SIEGEL: The relationship between Iran and Iraq is just one of a number of foreign policy challenges facing the U.S. in the region. NPR's senior news analyst, Daniel Schorr, has been taking note of some of the others.

DANIEL SCHORR: Nothing better illustrates the tense state of flux in the Middle East than what happened in Damascus this week. For years, Syria has been listed by the State Department as a state sponsor of terrorism. On Tuesday, Syrian guards fought off a terrorist attack on the American embassy, and Secretary of State Condoleezza Rice expressed America's appreciation to Syria.

It becomes increasingly difficult to determine when we are dealing with state-sponsored terrorism, like the Libyan bombing of Pan Am 103 in 1988, and when we are dealing with states controlled by terrorists, such as the war fought by Hezbollah, a state within a state that is now permitted conditional observance of the cease-fire by the Lebanese government.

Similarly, in Gaza the militant group of Hamas has now given President Mahmoud Abbas limited permission to talk to Israel, whose economic stranglehold threatens Gaza and the West Bank.

In Iraq, teetering on the edge of civil war, efforts to stabilize the beleaguered government by establishing a federal system of autonomous states appears to have foundered. It has not been possible to overcome the basic fact that the Shiites in the south and the Kurds in the north have the oil and the Sunnis in the center have the sand.

It is a situation made to order for Iran, with its aspirations to dominate the region in a new caliphate, or empire. Former Secretary of State Henry Kissinger writes in the Washington Post that everything returns to the challenge of Iran. As we've heard, President Mahmoud Ahmadinejad has played host to his fellow Shiite, Iraqi Prime Minister Nouri al-Maliki, promising him aid in unspecified forms.

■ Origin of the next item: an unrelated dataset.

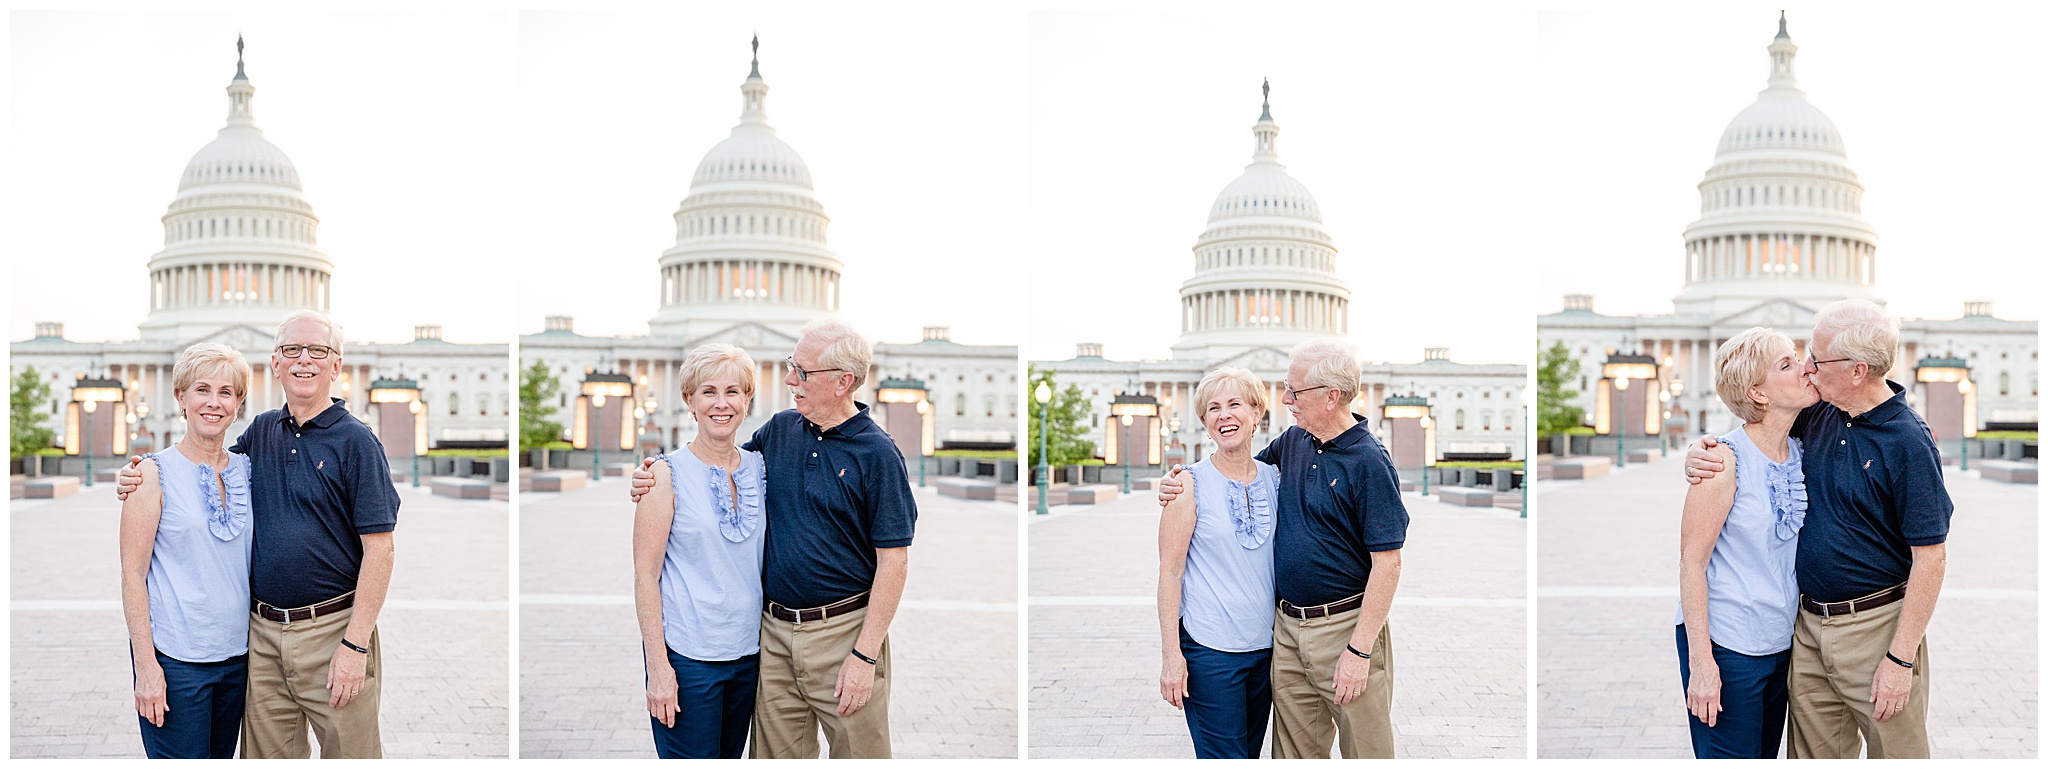 Grandparents Photo Session at the Capitol in Washington DC with Kofmehl Photography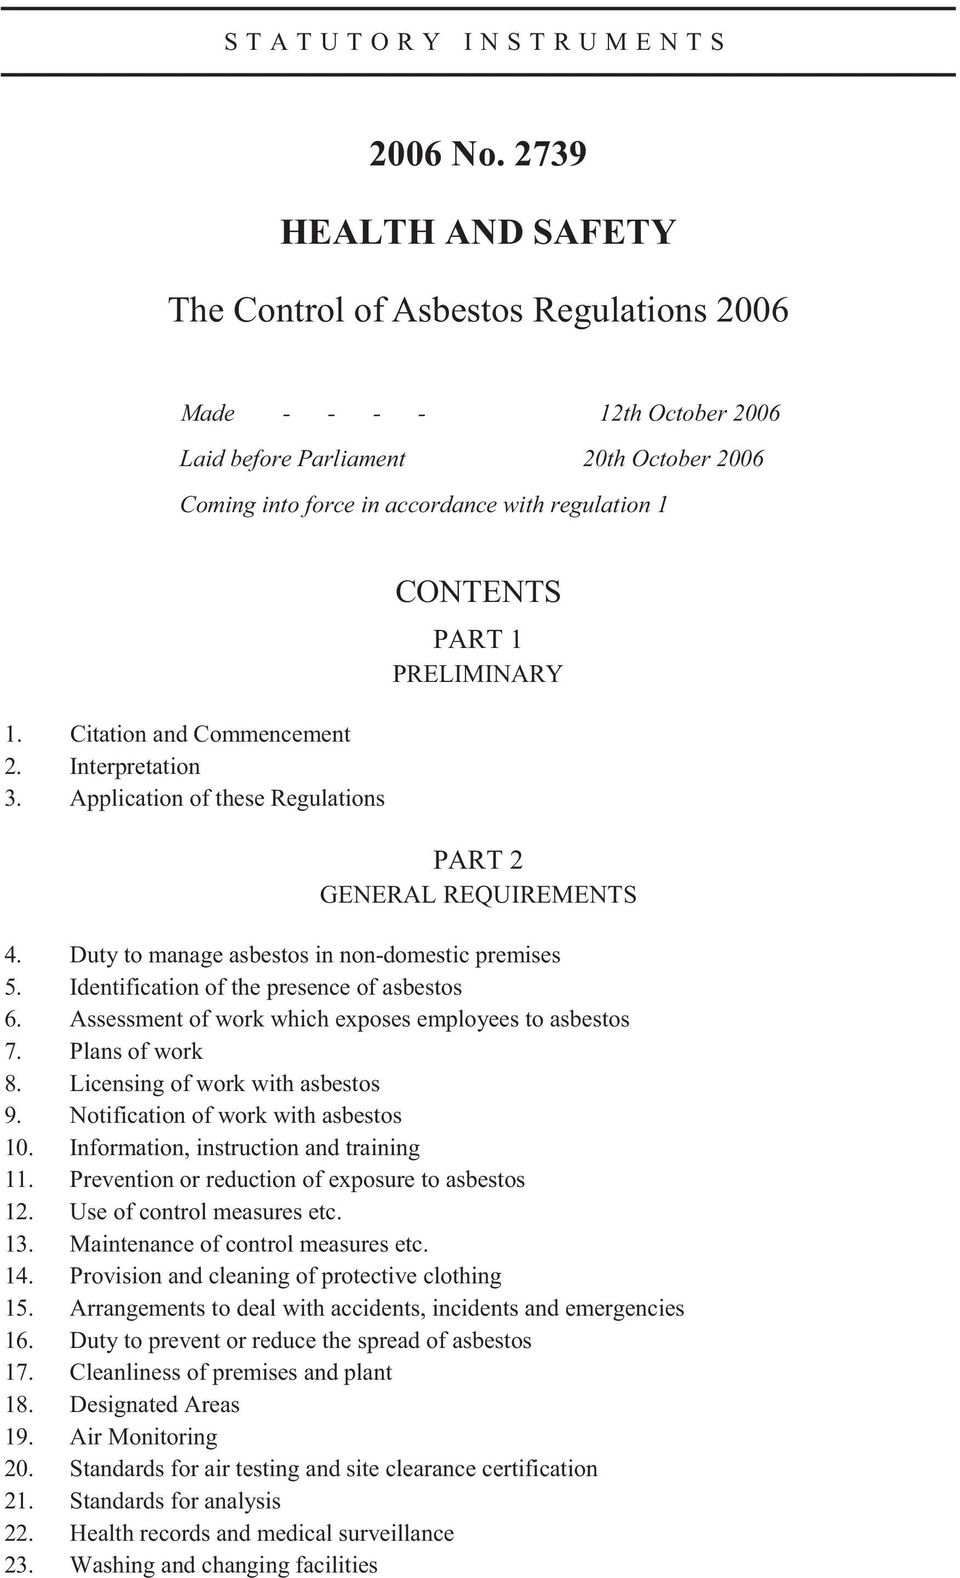 Citation and Commencement 2. Interpretation 3. Application of these Regulations CONTENTS PART 1 PRELIMINARY PART 2 GENERAL REQUIREMENTS 4. Duty to manage asbestos in non-domestic premises 5.

The Bush administration, apart from military support to Iraq and backing for the Lebanese cease-fire, has played little visible role in trying to counter Iran's drive to dominate a largely Muslim region of the world with command over its vast energy resources. And meanwhile, the threat of weak governments and strong militants hangs over a troubled Middle East.

This is Daniel Schorr.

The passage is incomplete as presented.